What the exercise asks>
Return the whole listing unchanged. Drop the images.

Data shown>
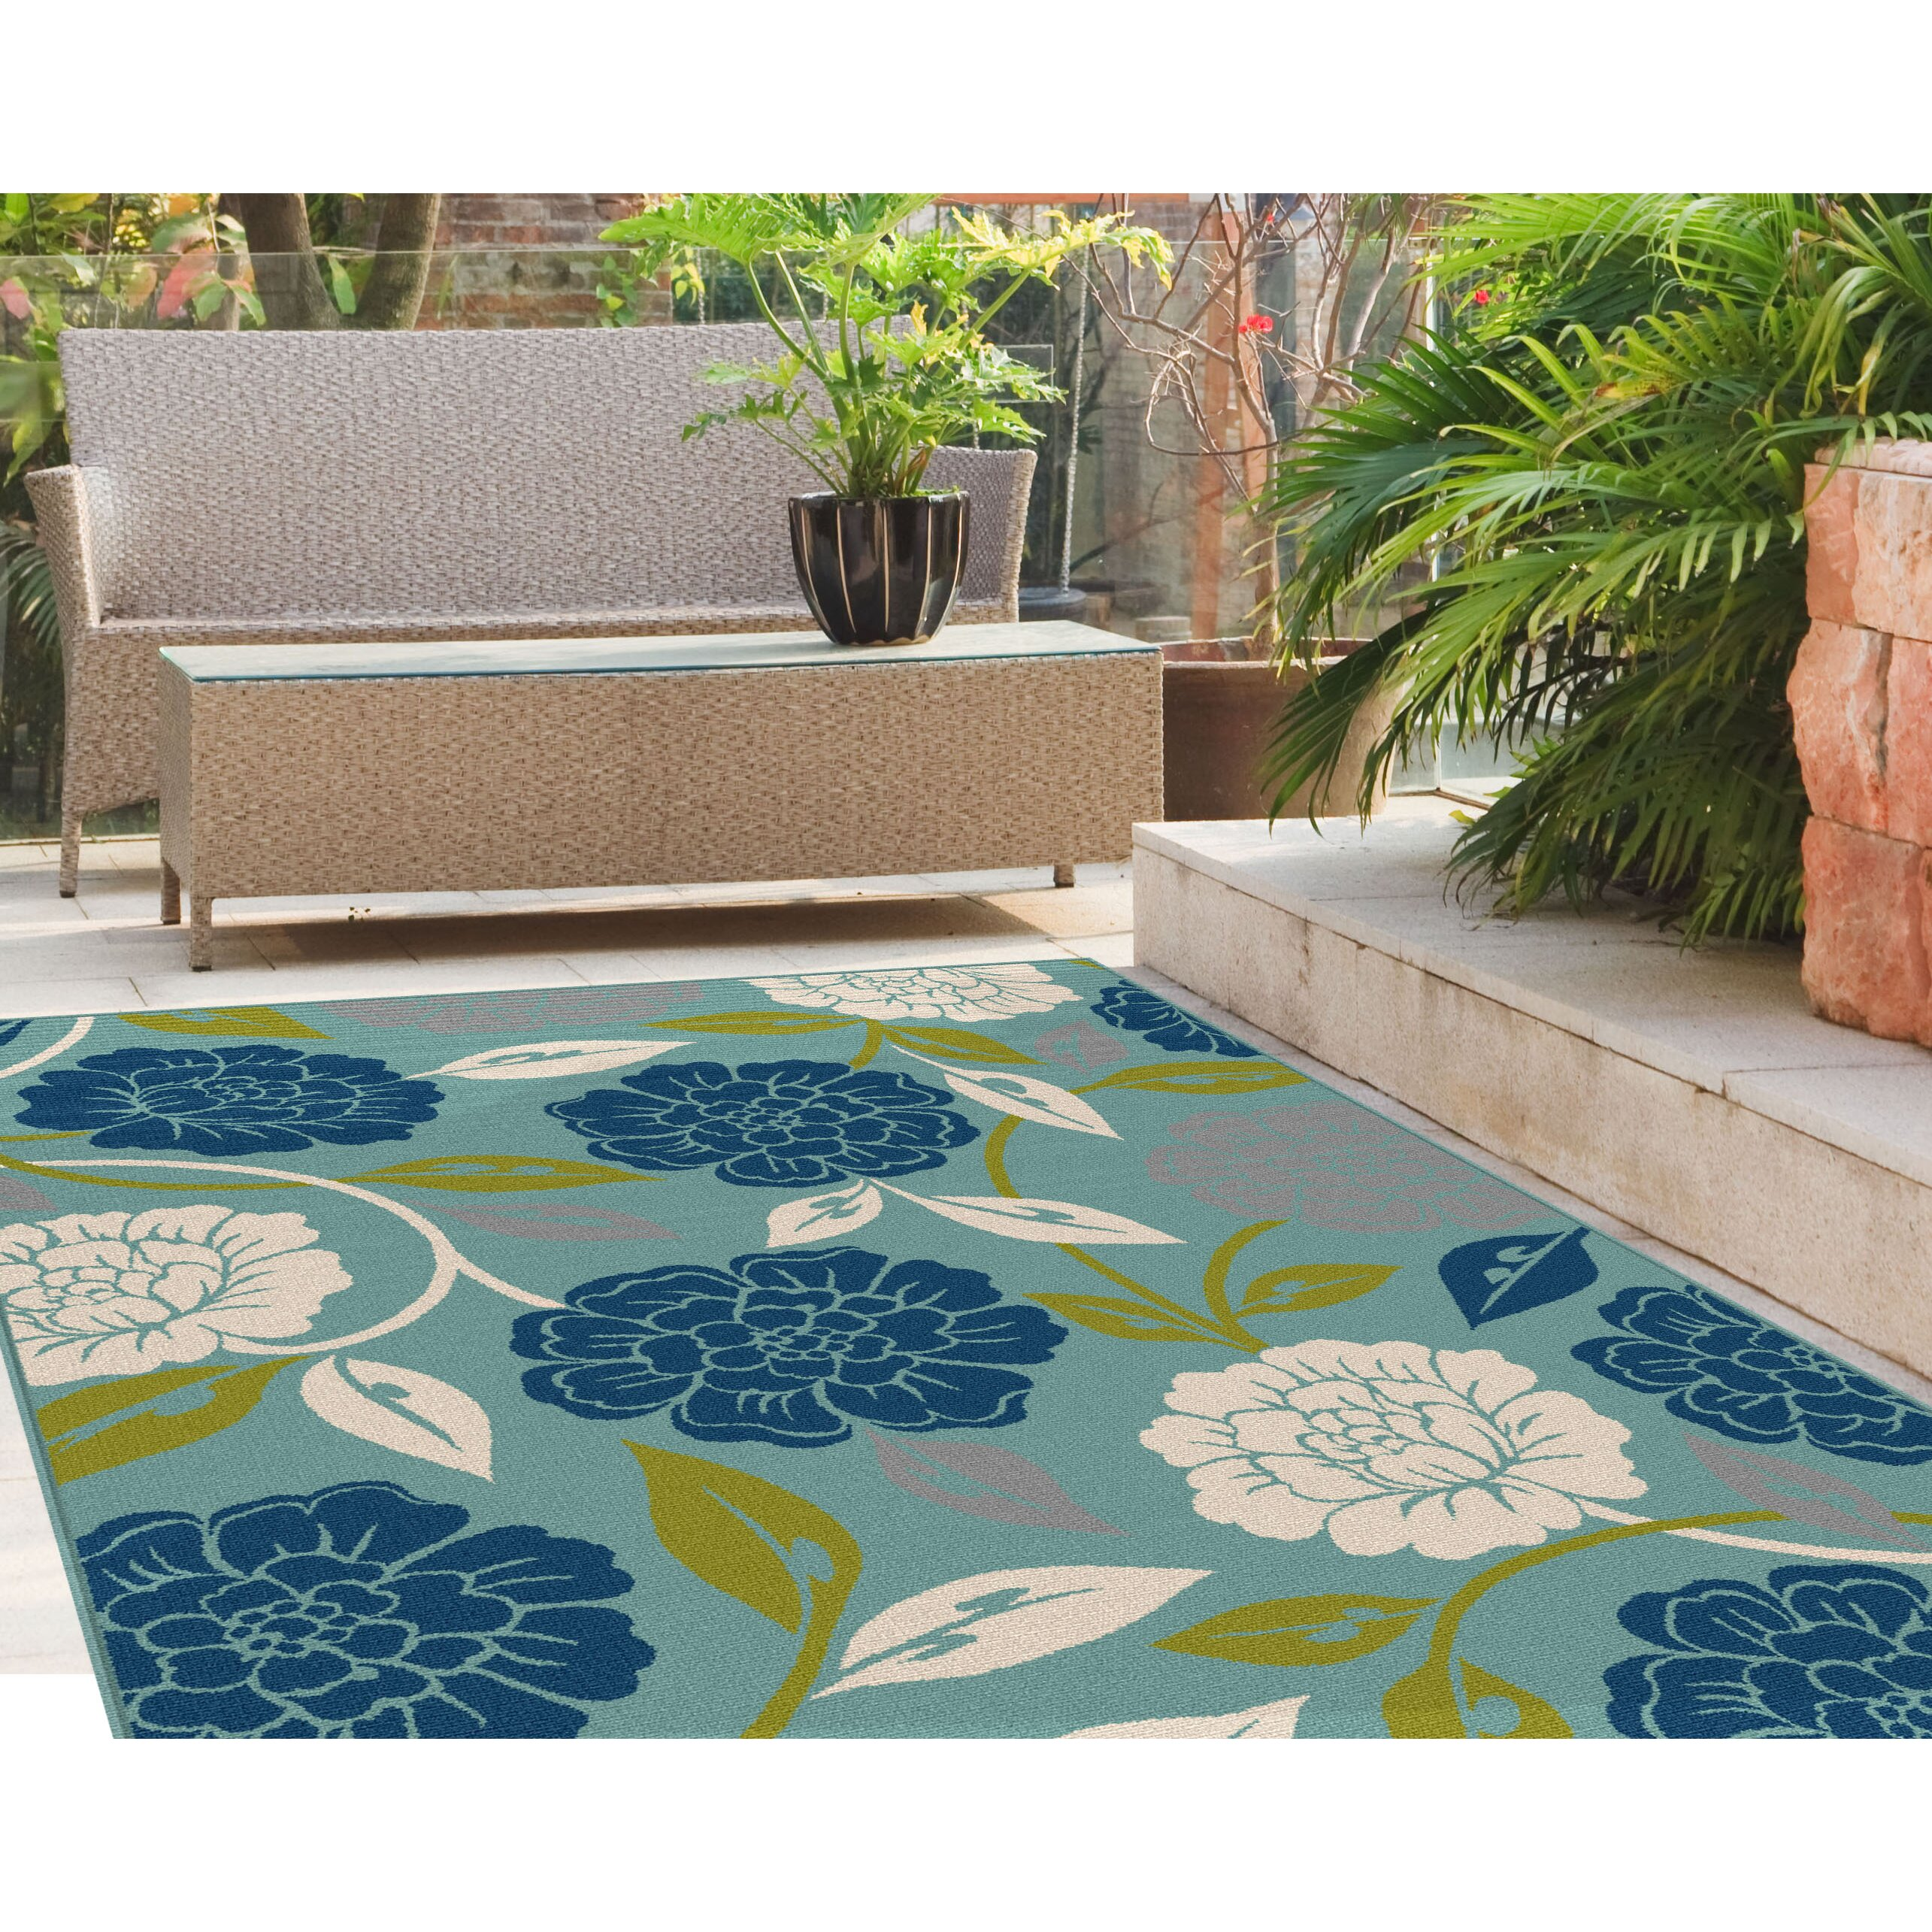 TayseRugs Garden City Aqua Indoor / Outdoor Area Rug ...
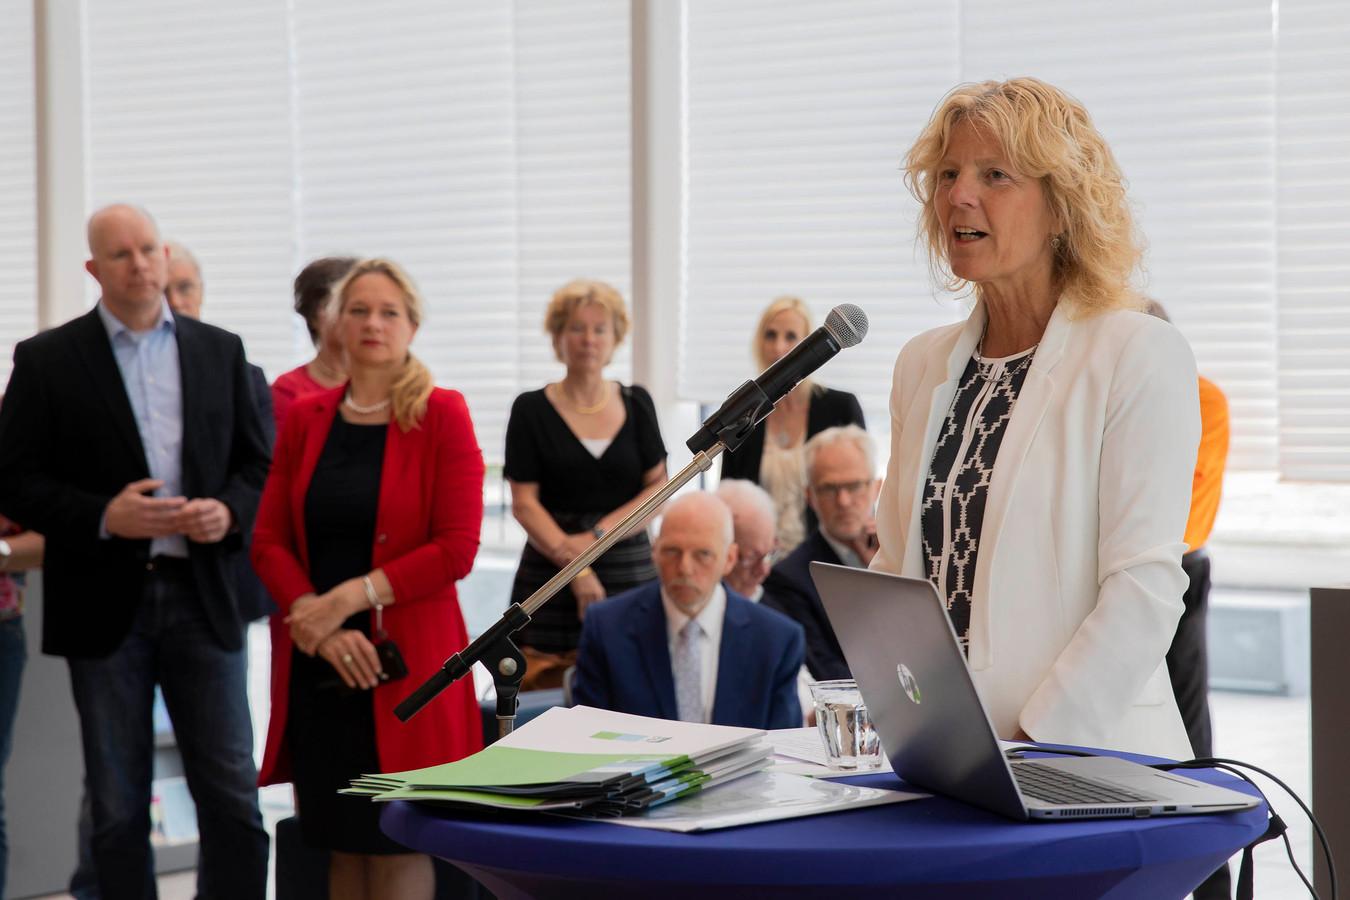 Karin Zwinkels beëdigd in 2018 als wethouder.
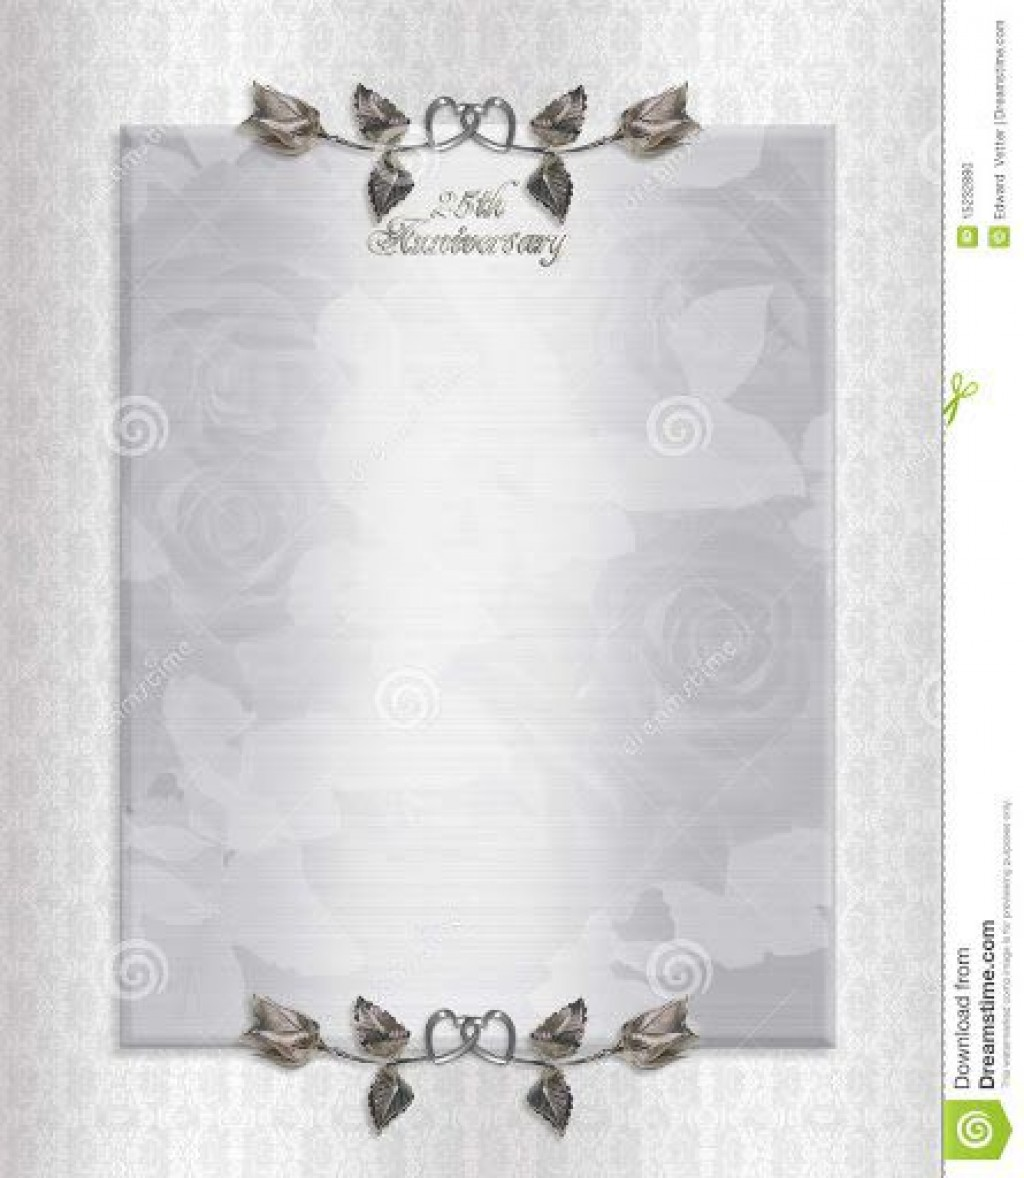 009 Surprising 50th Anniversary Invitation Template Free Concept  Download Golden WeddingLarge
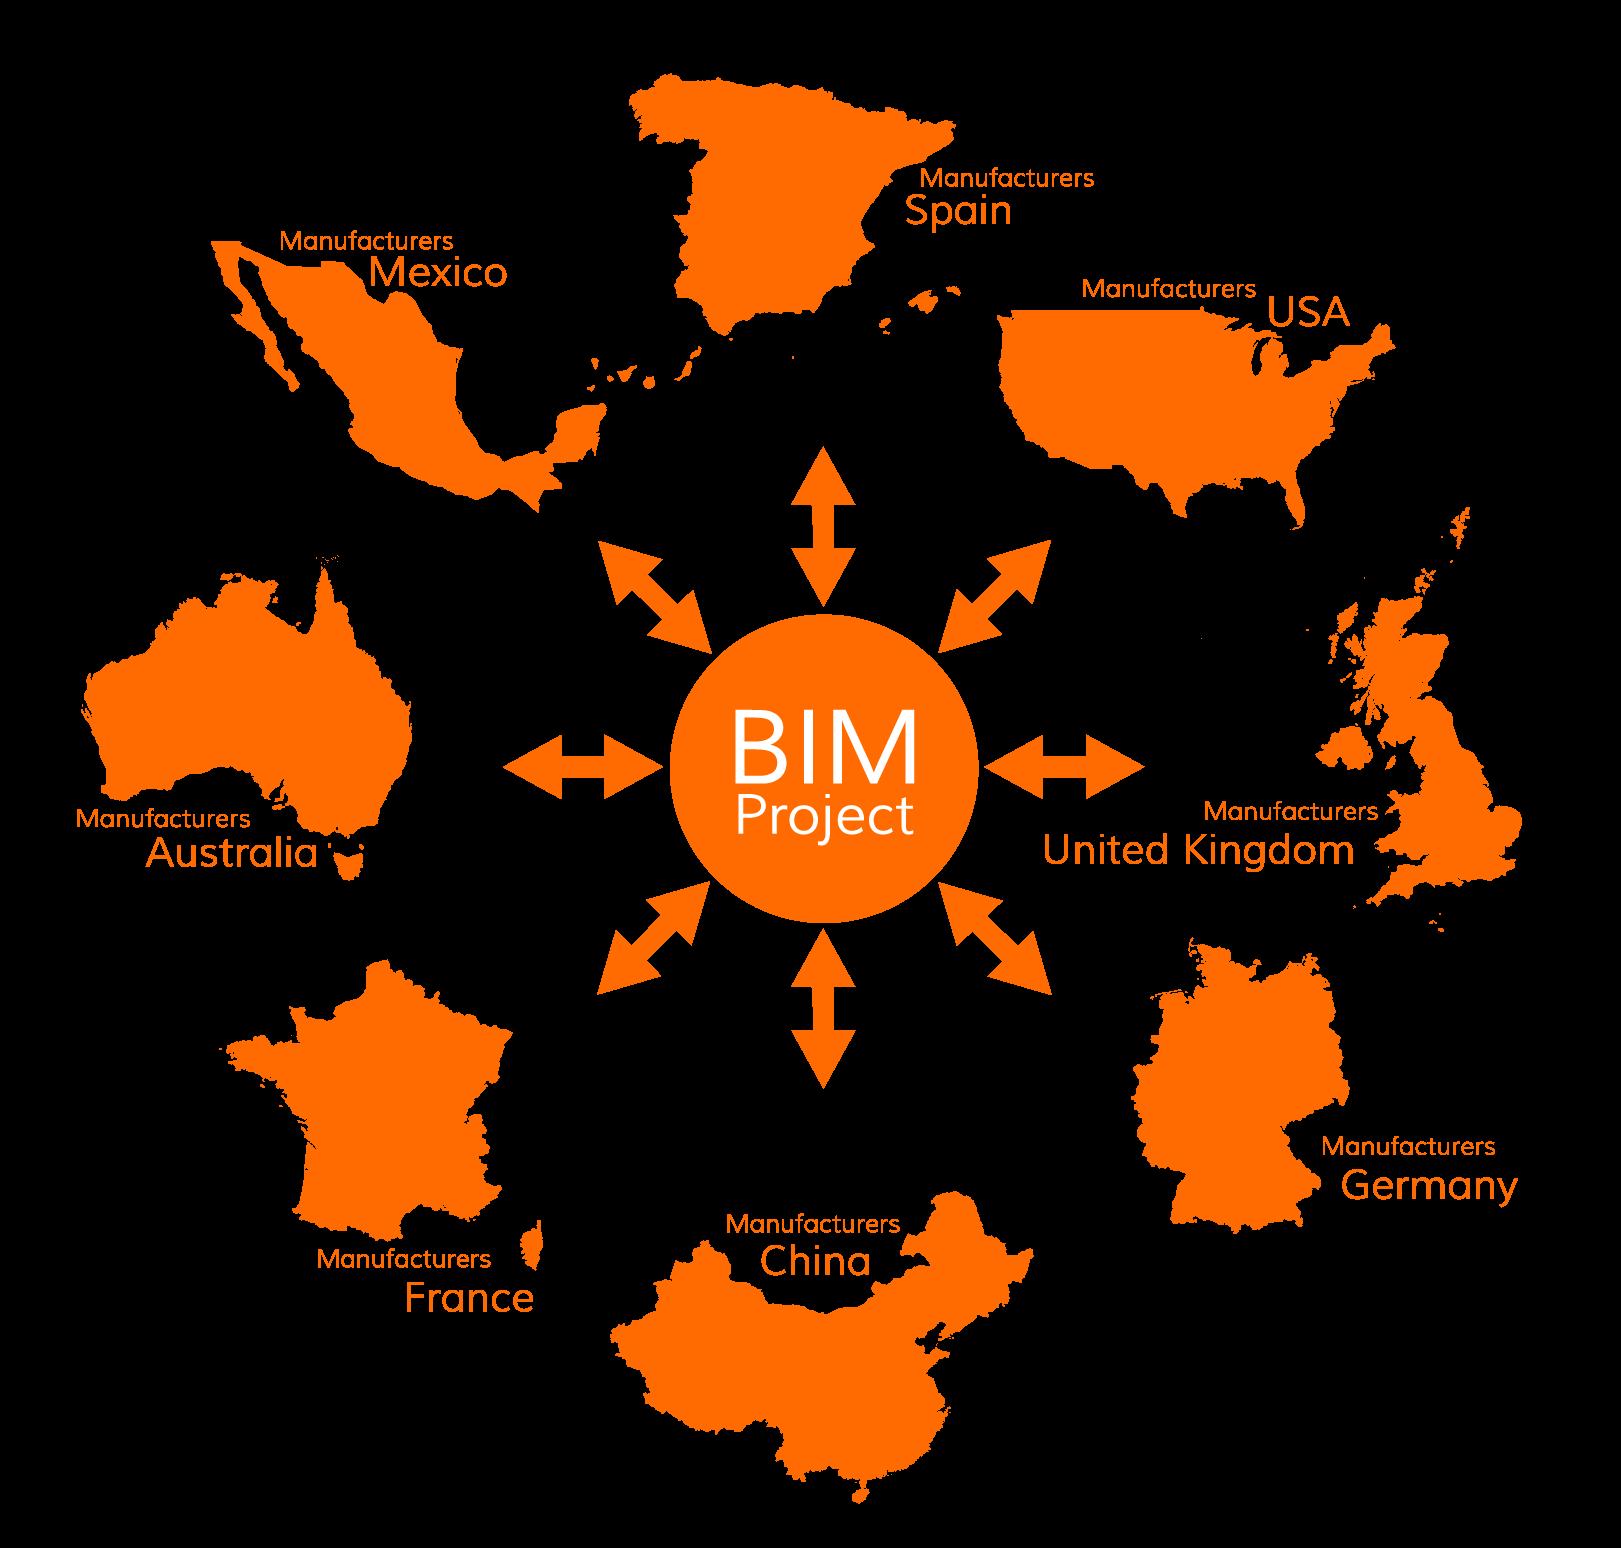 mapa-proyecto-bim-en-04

Result of this task>
 TayseRugs Garden City Aqua Indoor / Outdoor Area Rug ...
 Karin Zwinkels beëdigd in 2018 als wethouder.
 009 Surprising 50th Anniversary Invitation Template Free Concept  Download Golden WeddingLarge
 mapa-proyecto-bim-en-04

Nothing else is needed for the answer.